Corosim is a fork of Gabriel Goh’s Epidemic Calculator.

Source code available on GitHub.

Key differences between Corosim and Epidemic Calculator:

  • Historical estimates. The original Epidemic Calculator initiates the simulation from a theoretical ”day zero”. Corosim initiates the simulation from the latest historical estimate. Estimates are were updated daily.
  • Corosim is tailored to the current situation in Finland. In addition to Finnish historical data, all the parameter default values have been chosen based on latest scientific research (as of 2020/05), and specific to Finland when applicable. For example, the most crucial parameter in this model is R. It’s constantly changing and it’s specific to the population which you are trying to model (meaning, the R for Italy will be different than the R for Finland).
  • User-facing states are different (e.g. infected vs. infectious). The old Epidemic Calculator is a great educational tool about the progression of epidemics in general, but our focus was on practical real-world questions related to this epidemic right now.

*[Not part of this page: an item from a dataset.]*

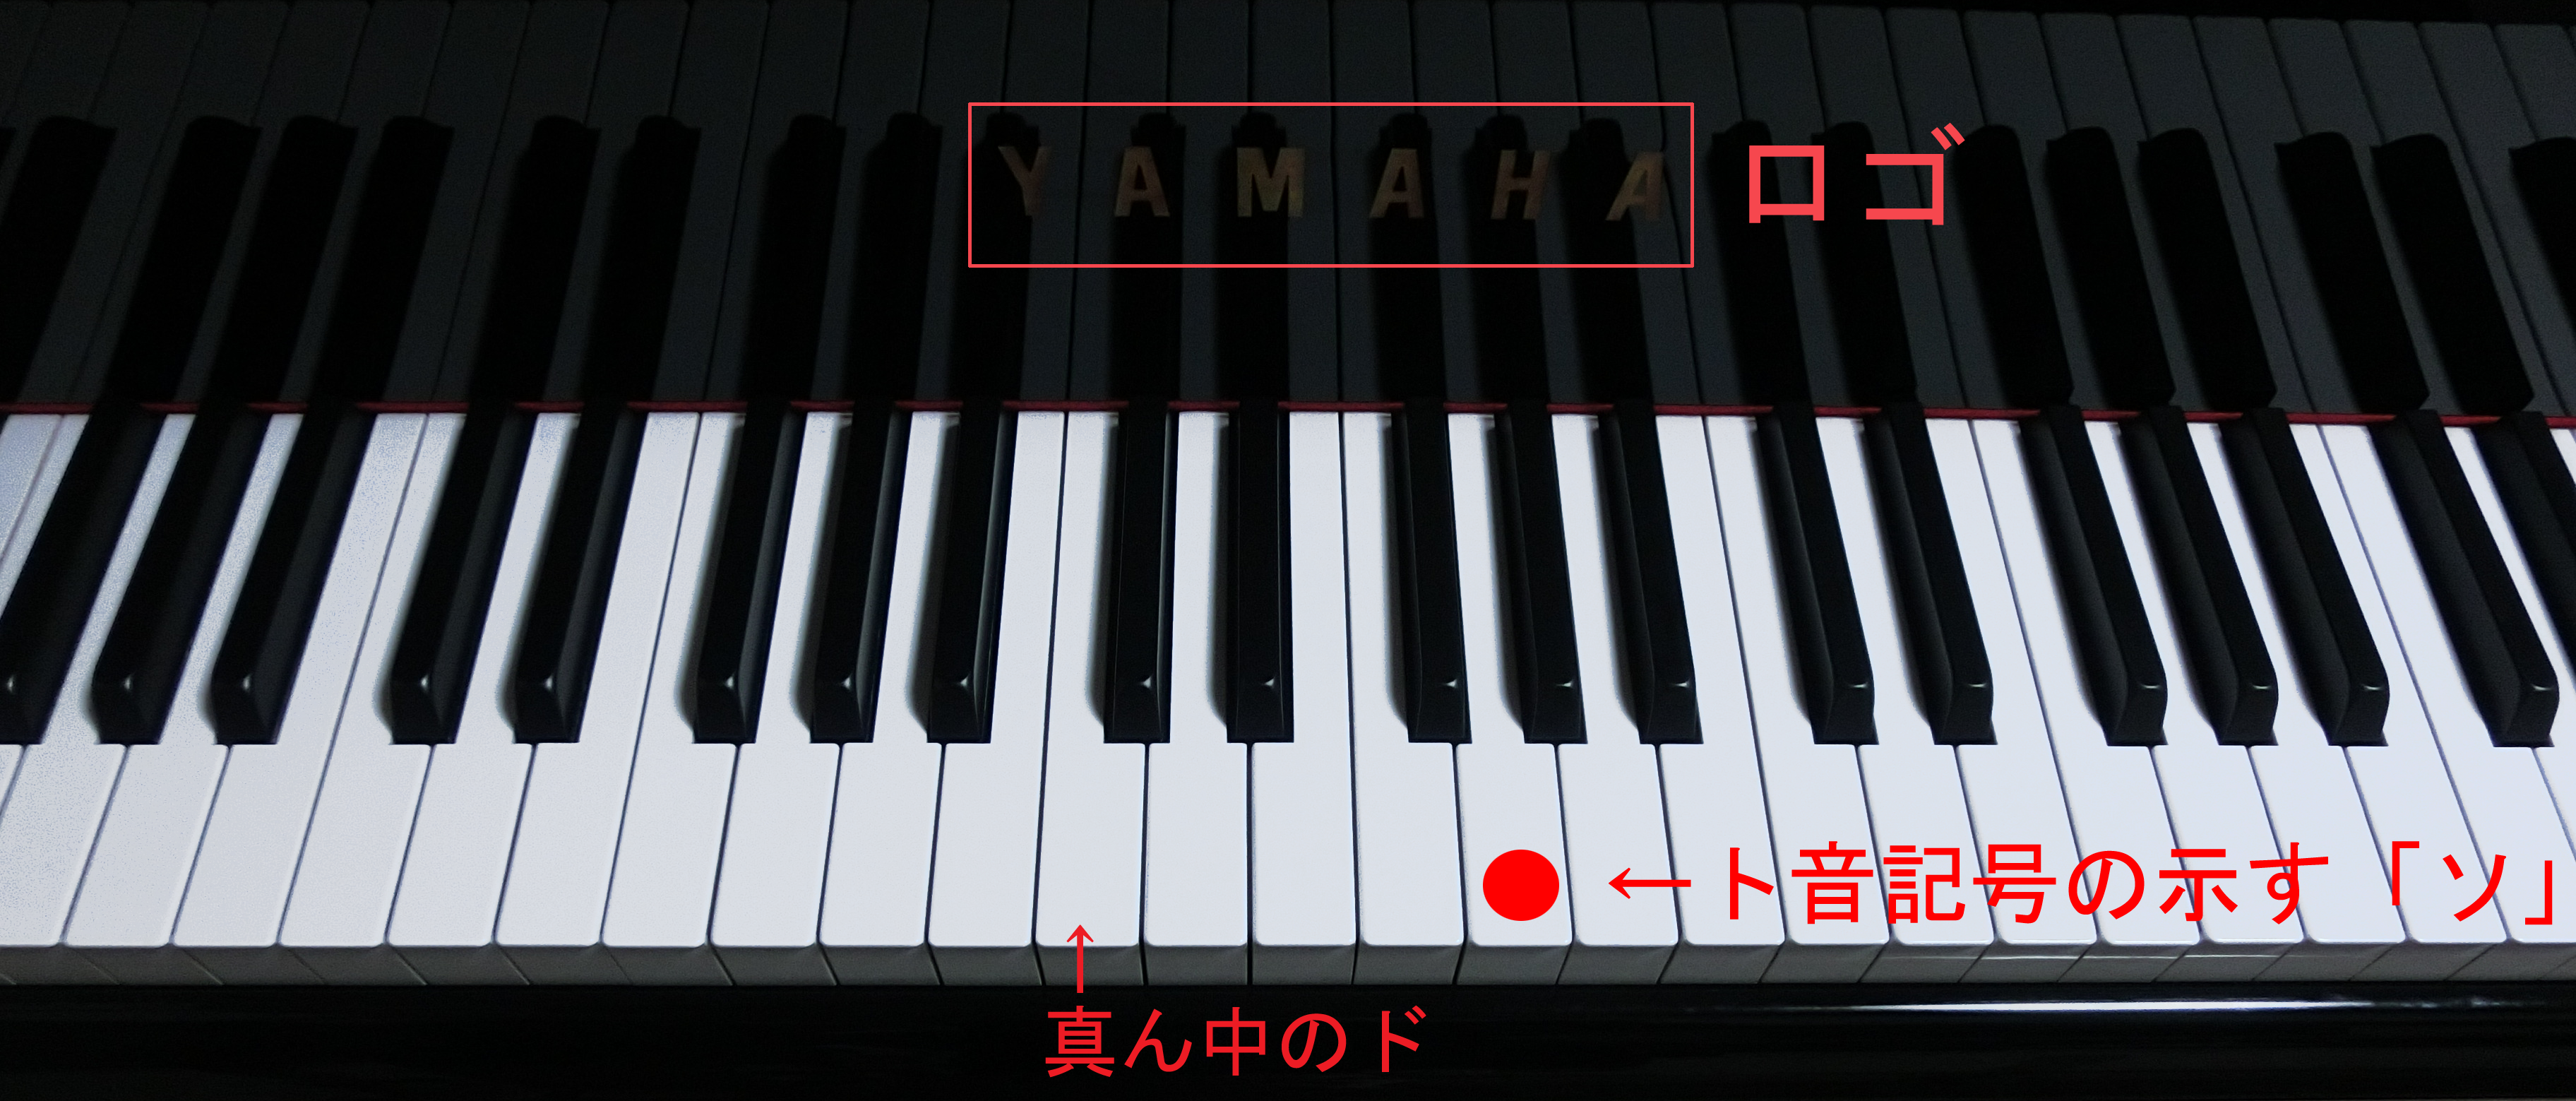 ピアノの真ん中のドの音と、ト音記号が示すソの音

The states we have chosen to visualize are relevant for practical questions, such as ”how many people are infected” or ”do we have enough health care capacity”.
  • Multiple action markers. The old Epidemic Calculator only has a single action marker, labeled ”intervention” and it can only reduce the transmission of the virus, not increase it. What if you wanted to model the effect of stopping an intervention? How about modelling multiple policy changes? You can do those things with Corosim. Action markers can be added, deleted, dragged, renamed, and their effect on disease transmission can be tuned.

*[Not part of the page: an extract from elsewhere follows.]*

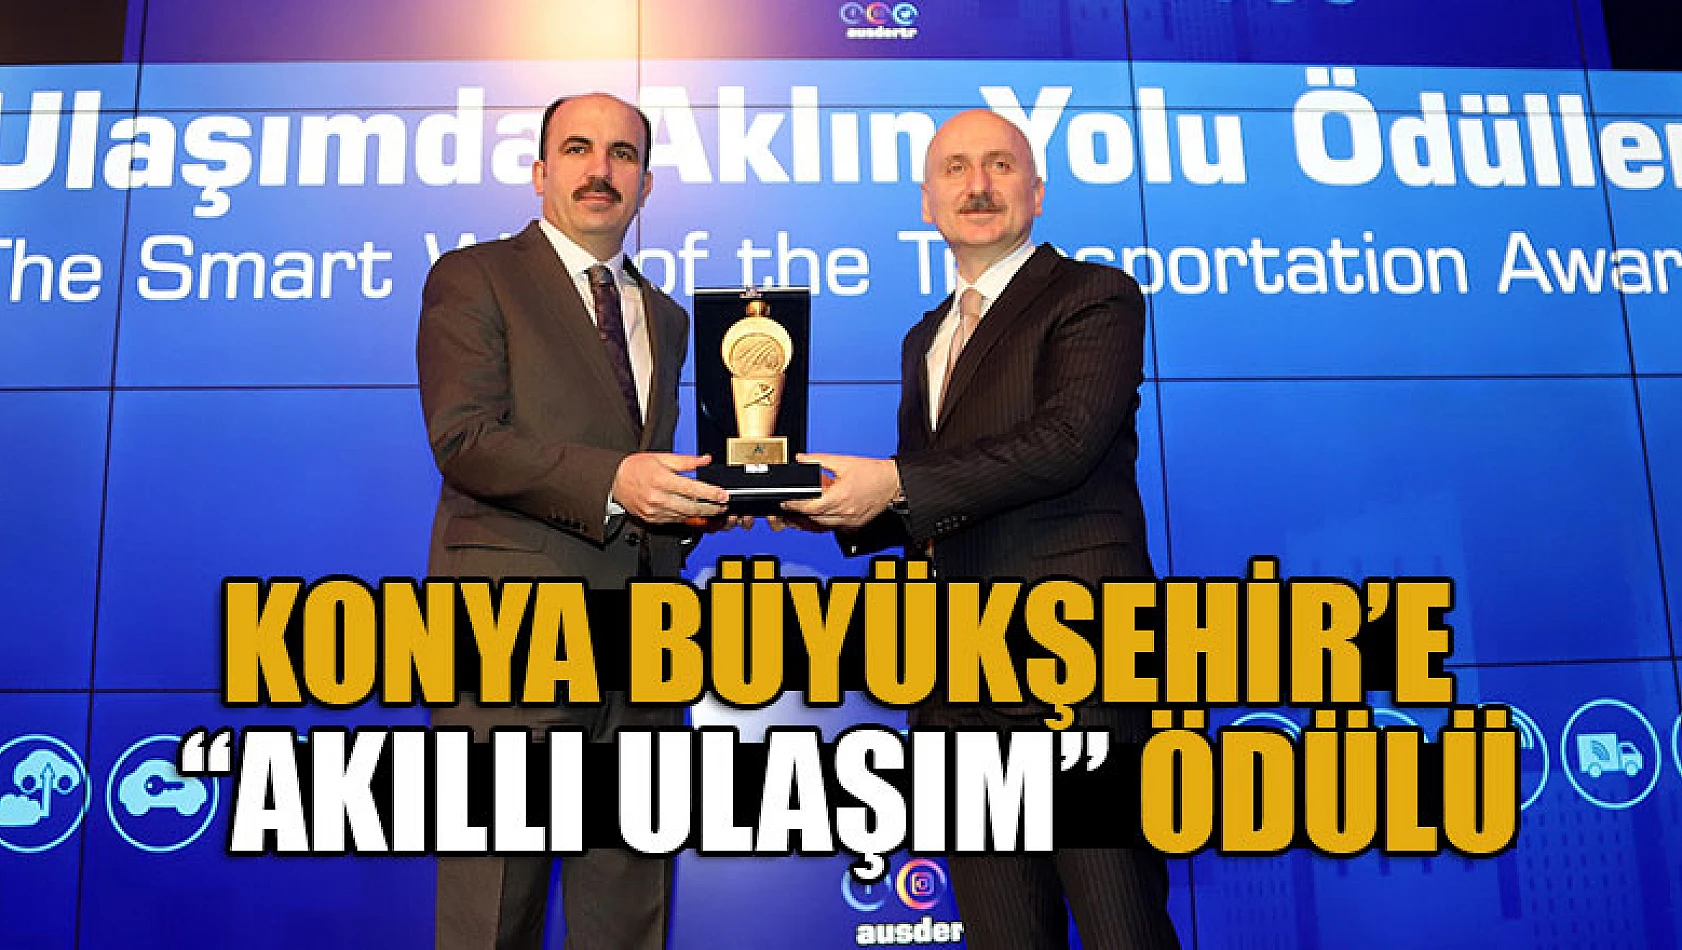 Konya Büyükşehir'e 'Akıllı Ulaşım' ödülü

  • Scenario outcome summary. The old Epidemic Calculator does not have an easy way summarize an outcome. If you want to compare two different strategies, you need to manually zoom out and eyeball the peak, fatalities, etc. Corosim provides a scenario outcome summary of the most crucial metrics.

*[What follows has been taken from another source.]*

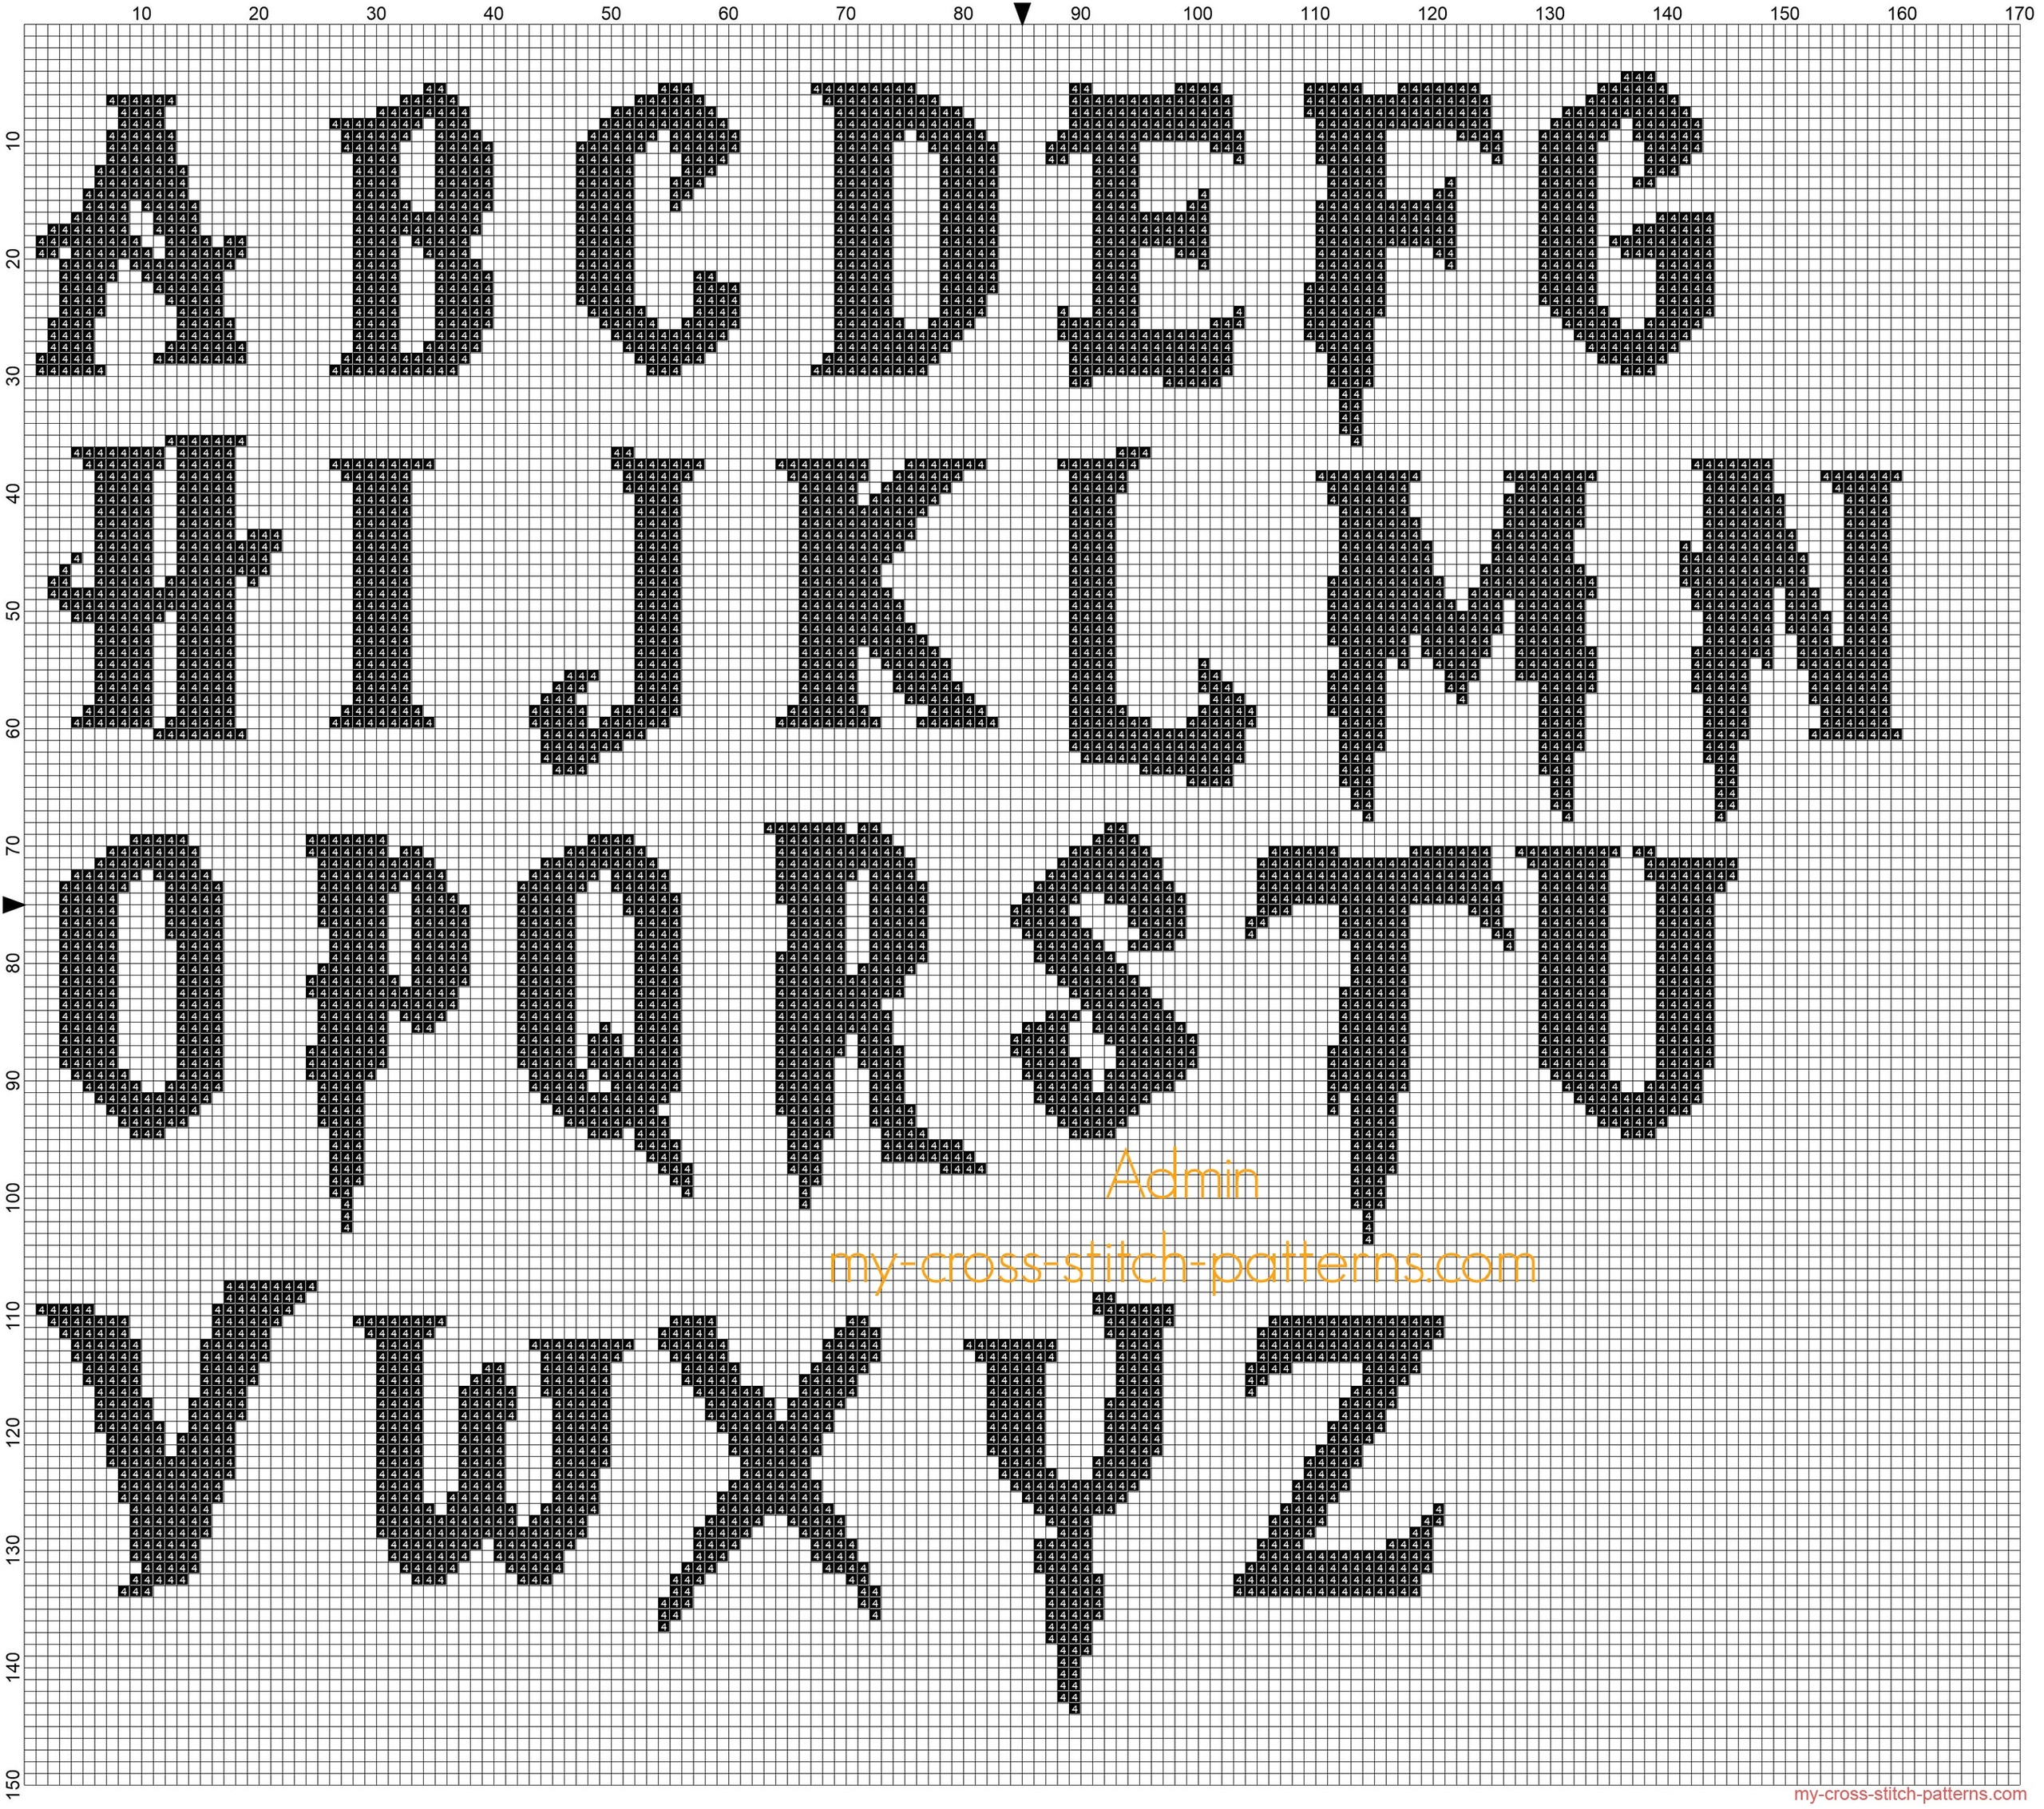 Harry Potter Font Cross Stitch Black Alphabet Free Cross Stitch Patterns Simple Unique Alphabets Baby

  • Small changes to the model itself: hospitalizations go to hospital without delay and fatalities are affected by the same hospitalization time as recovering patients. These simplifications were motivated by a desire to make the parameterization easier to communicate to the end user. For example, in the original Epidemic Calculator there is a parameter labelled ”Length of hospital stay”, but it actually affects only those patients who eventually survive, not those who eventually die. It would have been difficult to convey the meaning of this parameter to end users, if we would have maintained it as it were. We noticed similar issues with parameters ”Time to hospitalization” and ”Case fatality rate”. In the original Epidemic Calculator, case fatality rate actually affects the hospitalization rate, but this effect is hidden from the end user.
  • Various design and UX improvements (real dates, more tooltips, reduced clutter, etc.)